1. Let $U = \{p \in \mathcal P_4(\mathbf F) : p(6) = 0\}$. Find a basis for $U$
2. Extend the basis to a basis of $\mathcal P_4(\mathbf F)$
3. Find a subspace $W$ of $\mathcal P_4(\mathbf F)$ such that $\mathcal P_4(\mathbf F) = U \oplus W$

This has the same structure as 2b/3 with the subspace from 2a/17. except now we have access to 2.39 so the proofs are much shorter.

Note $\dim \mathcal P_4(\mathbf F) = 5$ and $\dim U \le 5$ because it's a subspace.

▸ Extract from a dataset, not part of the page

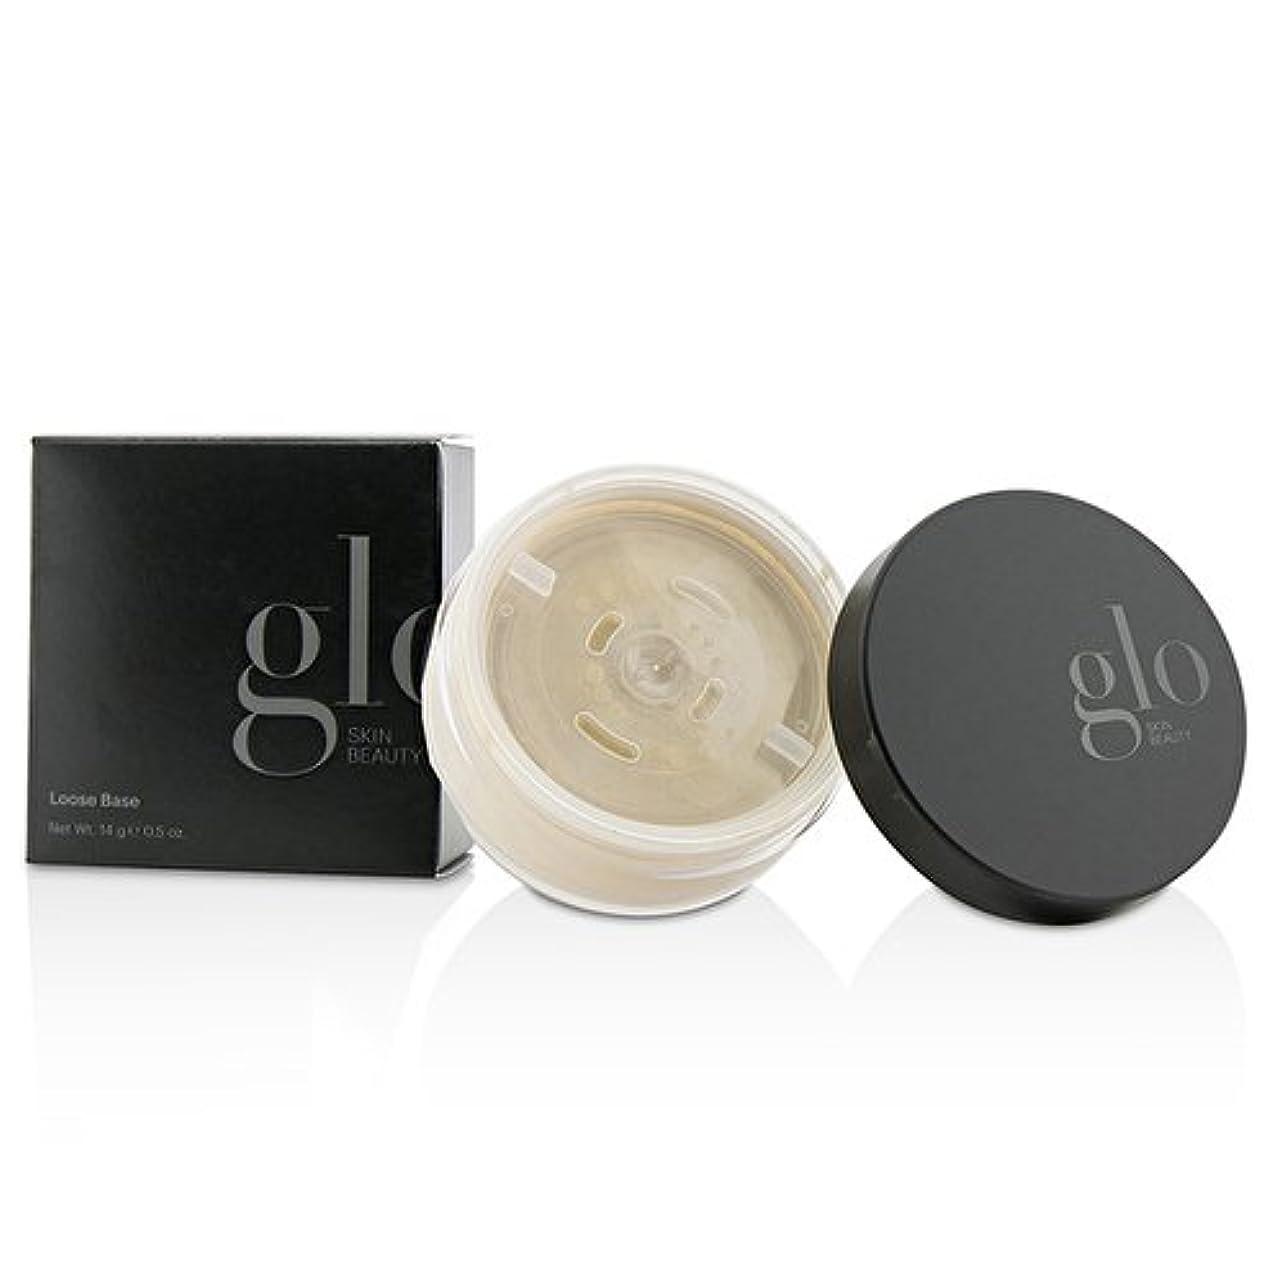 迷惑振るう対Glo Skin Beauty Loose Base (Mineral Foundation) - # Natural Fair 14g/0.5oz並行輸入品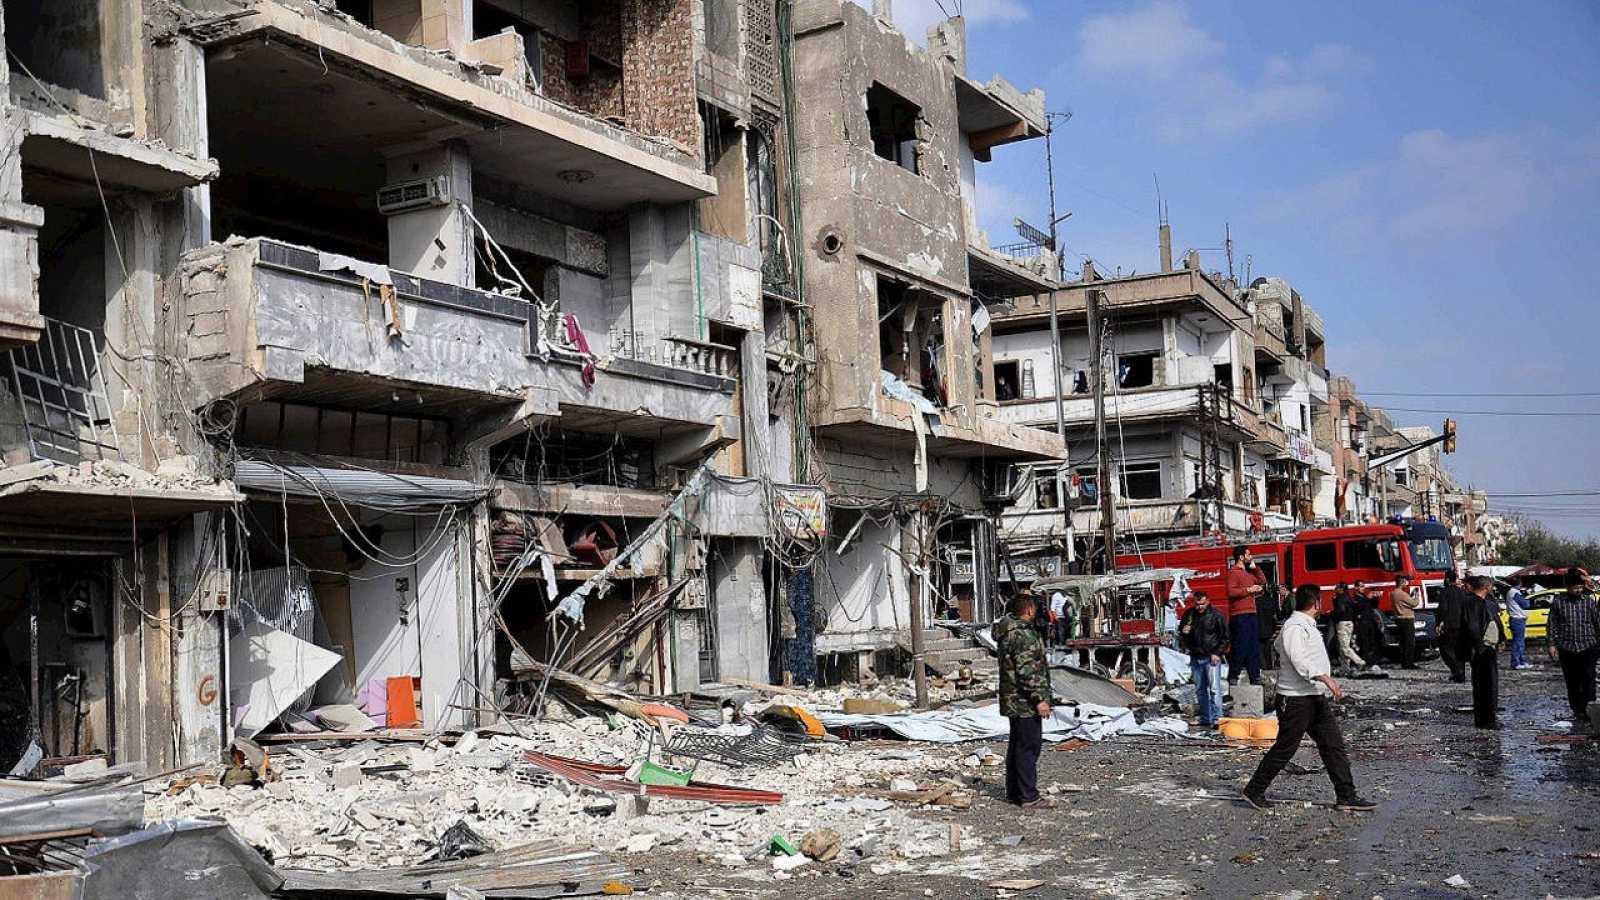 Lugar del atentado en el barrio chií de Al Zahra, en Homs, Siria. el 21 de febrero de 2016. EFE/EPA

1. Examine $(x-6),\dots,(x-6)^4$. they're independent by the same logic as in 2a/2. they're the right size since $1 \notin U$ implies $\dim U < 5$, and our list of 4 independent vectors in $U$ implies $\dim U \ge 4$. Thus $\dim U = 4$ and applying 2.39 allows us to conclude we have a basis.
2. $(x-6),\dots,(x-6)^4,1$ is independent in $\mathcal P_4(\mathbf F)$ since there's no way to write $1$ using previous terms, (see 2.21 a), and the right size (see 2.39) as $\dim \mathcal P_4(\mathbf F) = 5$.
3. Let $W = \text{span}(1)$. Clearly $W \cap U = \{0\}$ and $W+U = V$ by (2).